I've seen them w/ one inch wood for spacing in push-pull, but the speakers have to be somewhat matched.
Depending on frequency, driver diameter, etc. low frequencies are already pretty much omni-directional. Is this a two-way, or a three way?
Also, keep in mind that omni-directional speakers can be a real nuisance to place in a room. (*Strong* room reflections.)
If omni is what floats your boat, you might want to dredge around and find info on the old Ohm speakers (are they still in business?), using a variation of the Walsh driver (I believe there were also Walsh speakers at one point). The essential concept being that the driver is facing down (place your woofer face down on a cardboard box to help visualize) into the enclosure. The back side of the driver (magnet & all) is open to the room on all sides, and is thus omnidirectional. They were capable of some really spooky imaging effects, but that was pretty much their only claim to fame. Something like that might give you a better approach. Incidentally, the Ohm drivers were ported, as I recall, at the bottom of the cabinet, but there's no law that says you have to port them at all. If you already have two woofers on hand, it shouldn't be too hard to contrive a dual cabinet where one woofer fires down into a cabinet, the other--on some healthy standoffs--fires up into a separate cabinet. (Just make two identical cabinets, and turn one upside-down.) With the two drivers wired in phase. Mount your tweeters in the same are where the woofers are open. This would give you something of a D'Appolito MTM arrangement.

What you propose is certainly workable and it's one possible solution to not having to look at the woofers (more beautiful wood to view). Rear firing woofers as well as a bandpass box are another way to go. As GRollins says, the low frequencies are omni-directional to begin with so your proposition is not necessary to have this omni-directionally. Make sure they are symmetrical, vent faces vent, woofer faces woofer. Vents facing any other way might be OK as well. And of course the cabinets MUST be joined relative to each other. You will be de-tuning what you might have calculated as a proper low frequency system but you can play with this and restore proper operation. Sorry, I don't have formulae for this. Needless to say?, the woofers must be wired in phase.
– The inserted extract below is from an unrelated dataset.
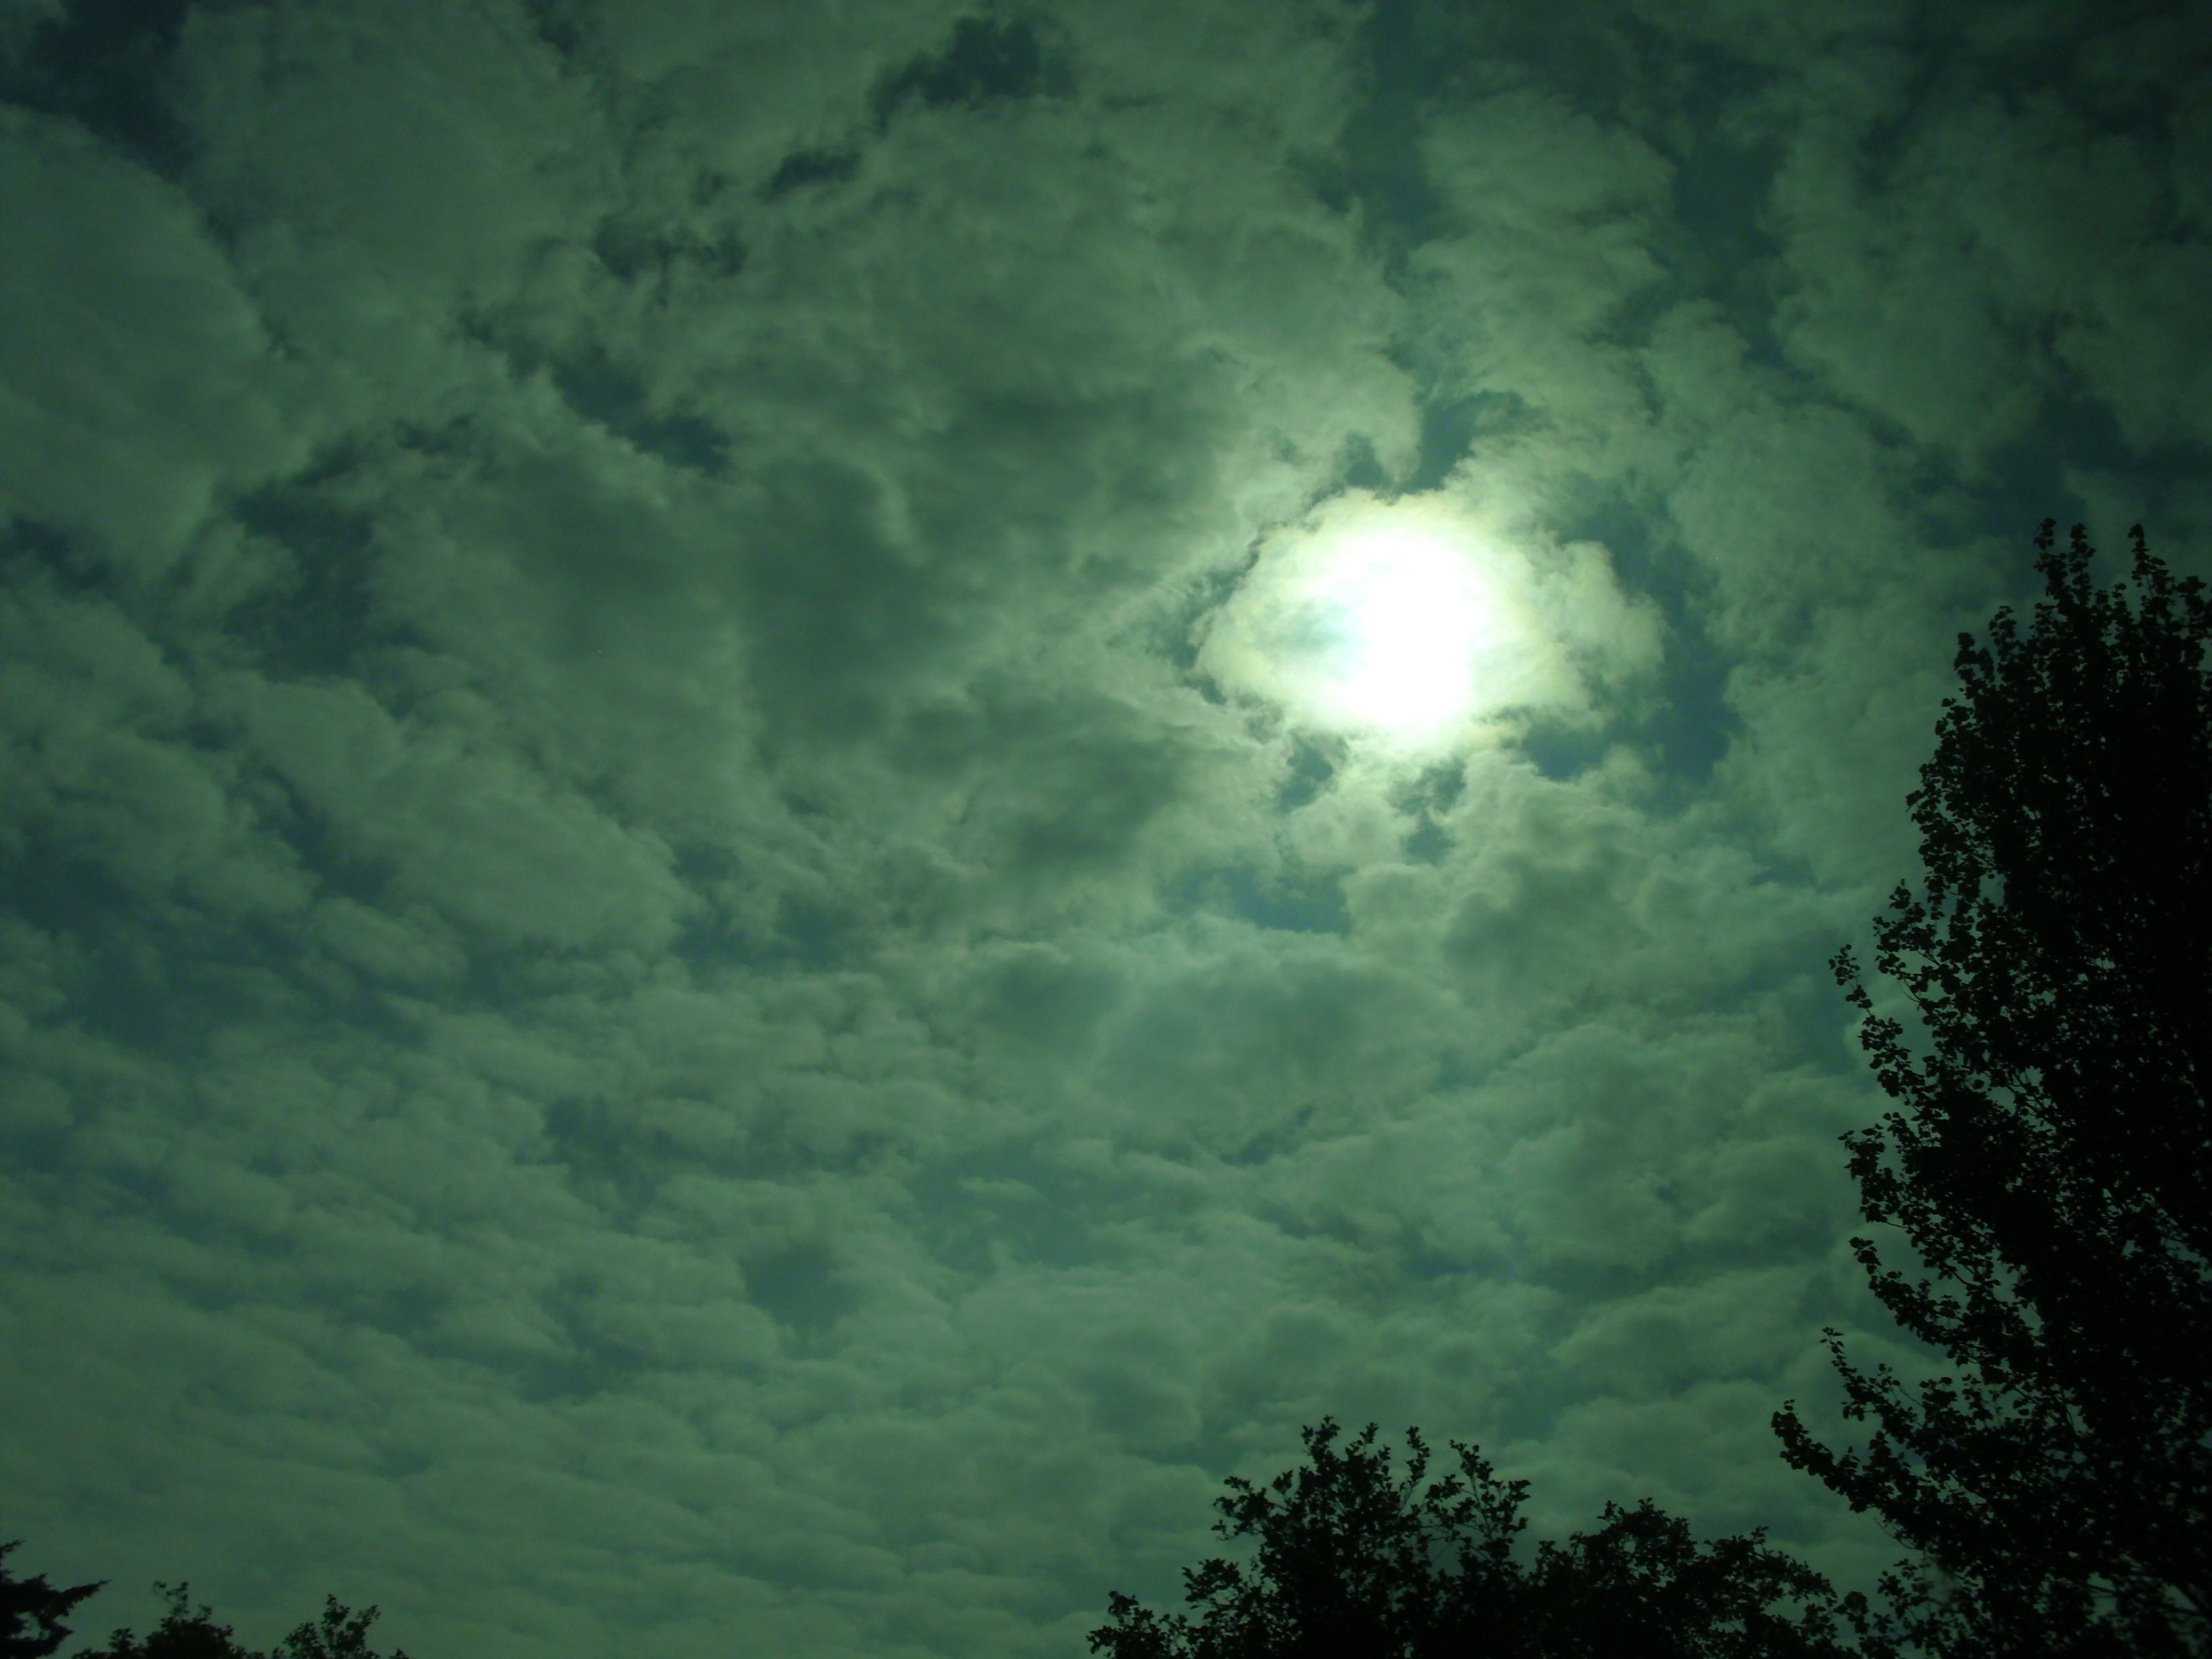 Himmel 2 Sibyll Maschler

This is NOT a workable solution for a two way speaker. The volume enclosed by the spacing between the boxes and perimeter of the boxes forms a resonant cavity. The resonant frequency of this cavity is going to be in the mid-range area; you must crossover to a mid-range well before this point.

I must advise that the woofers face each other horizontally. If you have one woofer facing down and one facing up, the cones will sag over time. This problem can be avoided if you design the bass boxes so they can be flipped over from time to time.

But, after all this, why bother? You can have what you want via less painful and time consuming routes.